▸ Exercise aim
Lines outside the range are not wanted. Give again exactly the lines between the line holding "Lara Fabian Store: Official Merch & Vinyl" and the line holding "SmackDown 2019 Draft T-Shirt", inclusive, from the listing below.

▸ Material provided
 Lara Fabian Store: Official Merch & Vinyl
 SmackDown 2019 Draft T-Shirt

==

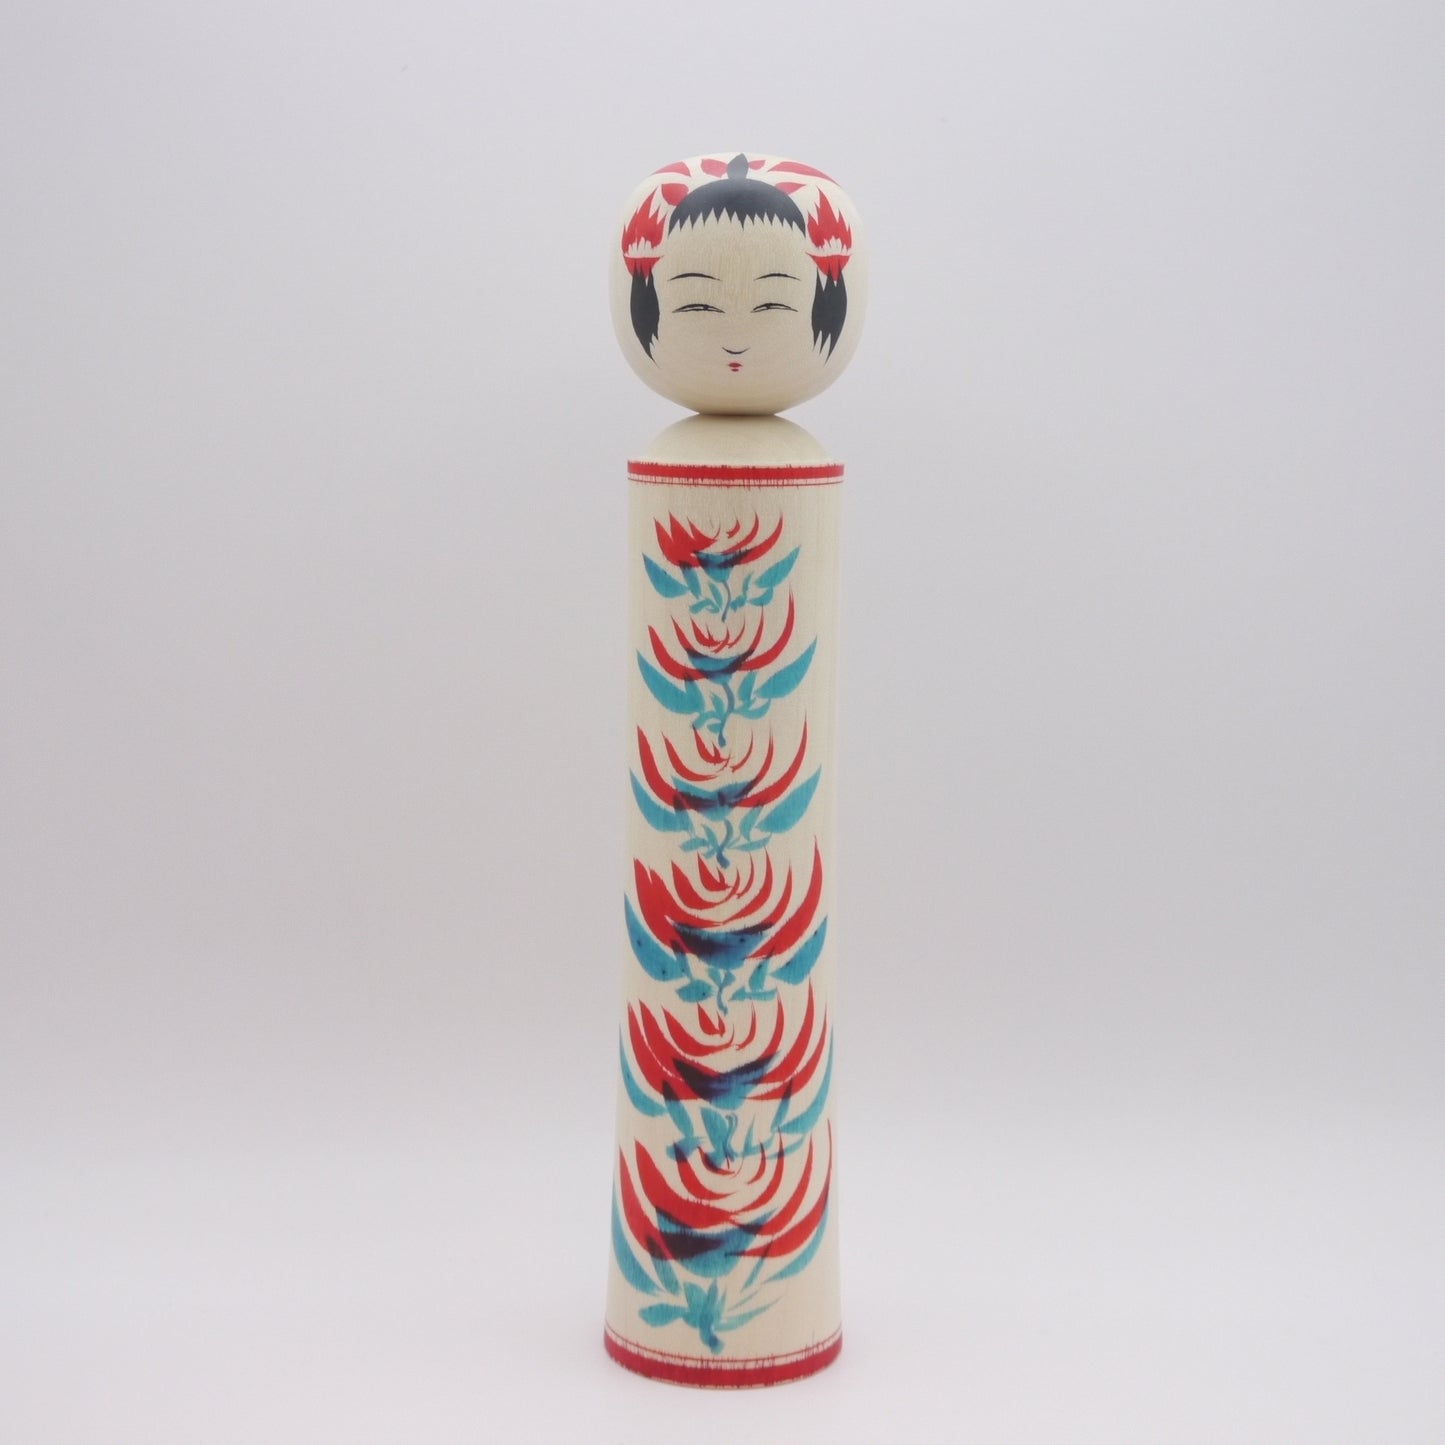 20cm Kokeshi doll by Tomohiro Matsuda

▸ Solution
 Lara Fabian Store: Official Merch & Vinyl
 SmackDown 2019 Draft T-Shirt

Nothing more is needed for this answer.